Both parties in the affair are equally culpable. And we cannot control either of them. But we can control our own destinies, and moving forward without holding on to bitterness, sadness, and resentment are our best options. We cannot recreate ourselves into better and happier people if we are holding on to something ugly in the past. It's time for healing and renewal.


----------



## jorgegene (May 26, 2012)

i get it. it happened to me. and my wife was the worst offender.

this was years ago and i'm remarried now. but it still angers me. i ruminated for days how i was going to drive to
the next state and kick his ass. even now, after 6 six years i wouldn't mind doing it. 

so yeah, i get it.

and i don't think OP is really going to do this, I think he is venting and HE WOULD LIKE TO.

but, in the small chance that this becomes more than an urge and you load up your car and fill it with gas, consider a few things that can go really wrong.

1. this guy, as big a douche as he probably is, might not be a *****. he might know MMA, or street fighting, or he might have a gun.
the possibility of him having a gun crossed my mind while i fumed and planned my own revenge.
lot's of bad stuff could happen including somebody getting killed. wouldn't even take a gun. just a right cross that hits the mark, lays him down and he hits the back of
his head on the pavement................and coma and dies. manslaughter? 5-10?

2. you could be arrested and charged with whatever. screws up your life big time.

3. you'll feel like the king of the universe after you kick his ass for about 1.1/2 hours and then you'll probably regret it the rest of your life.

but, you know what? i get it. i really do.


----------



## MyRevelation (Apr 12, 2016)

Rick Blaine said:


> But the truth is, nothing I do to either of these OM will help me.

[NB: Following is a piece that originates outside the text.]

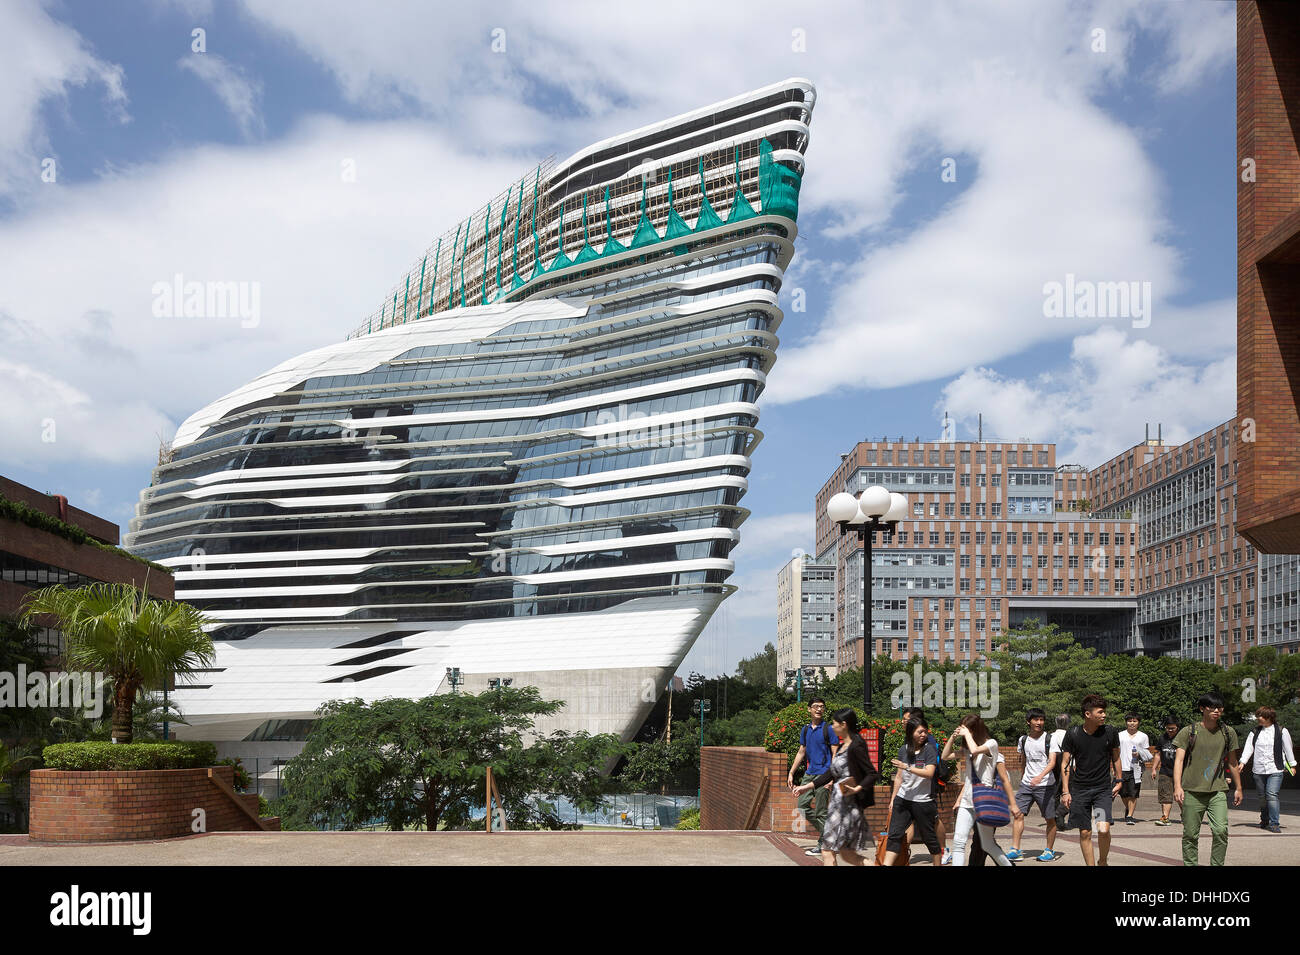 Innovation Tower, Kowloon, Hong Kong, Architect: Zaha Hadid Architects, 2013. Stock Photo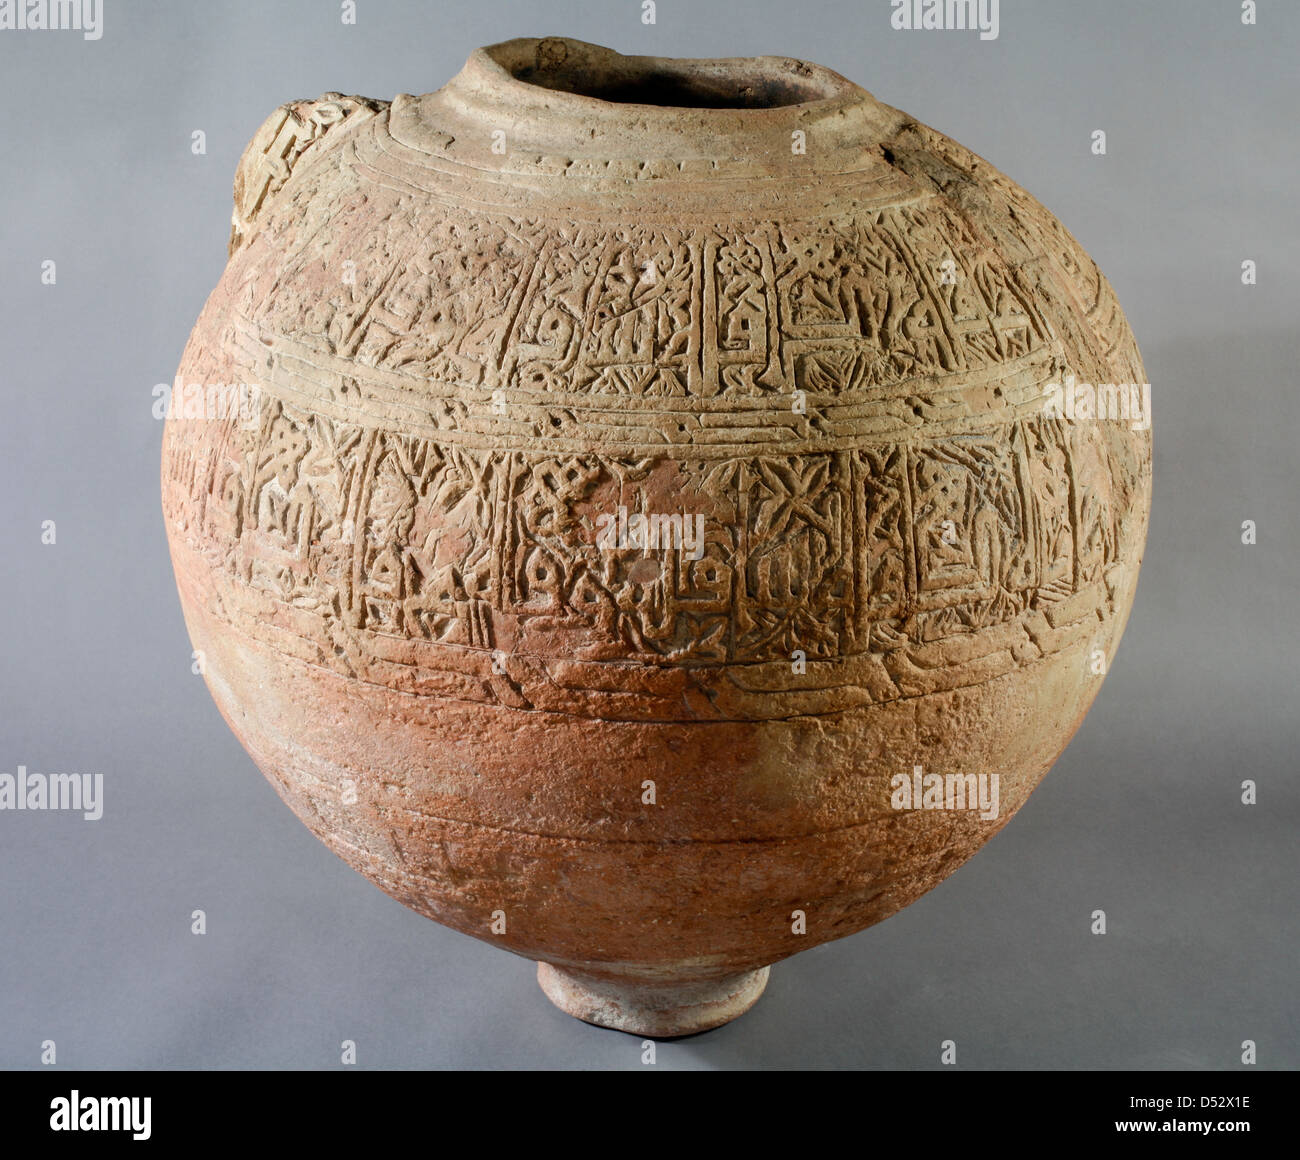 L'Amphora, médiévale islamique, détail, Musée archéologique de Séville, Espagne Banque D'Images

That may well be YOUR "truth", but it damn sure ain't mine, and it's not universal.

OTOH though, I would like to have one of those 20 shot revolvers like Costner was using.


----------



## goingsolo12 (Mar 26, 2017)

@johnrod

We all agree that the person your wife had an affair with is a mentally deranged POS.
But think about it, your anger is misdirected my friend, now tell me is it possible to clap with one hand? you need two hands to clap right? The other hand here is your wife. Did you have any relationship with the POS prior to your wife's affair? No. Did you trust and love your wife and believed she would never do such a horrible thing to you? Yes. So who is to blame? who deserves your anger more? Its your wife, no matter how much of a player the POS was your wife was the one who decided to start an affair, he never held a gun to your wife's head, your wife made conscious choices and she is the one to blame, she deserves your anger.

Now hear me out. I think you have a lot of resentment towards your wife which you are directing at the POS, you are still angry with your wife and all of that anger needs an outlet, so you scour FB for the POS which is not at all healthy. I am not sure your wife did all the work to heal you, but believe me, you are not healed at all, you need help, get in to therapy now, you will never be happy this way, don't let the stupid decisions your wife made ruin your life.

All the best


----------



## michzz (Jun 6, 2008)

johnrod said:


> Some of you guys really need to re read my post.
> 
> #1 I am looking for help in getting over the hurt and anger that I still have 4 years later.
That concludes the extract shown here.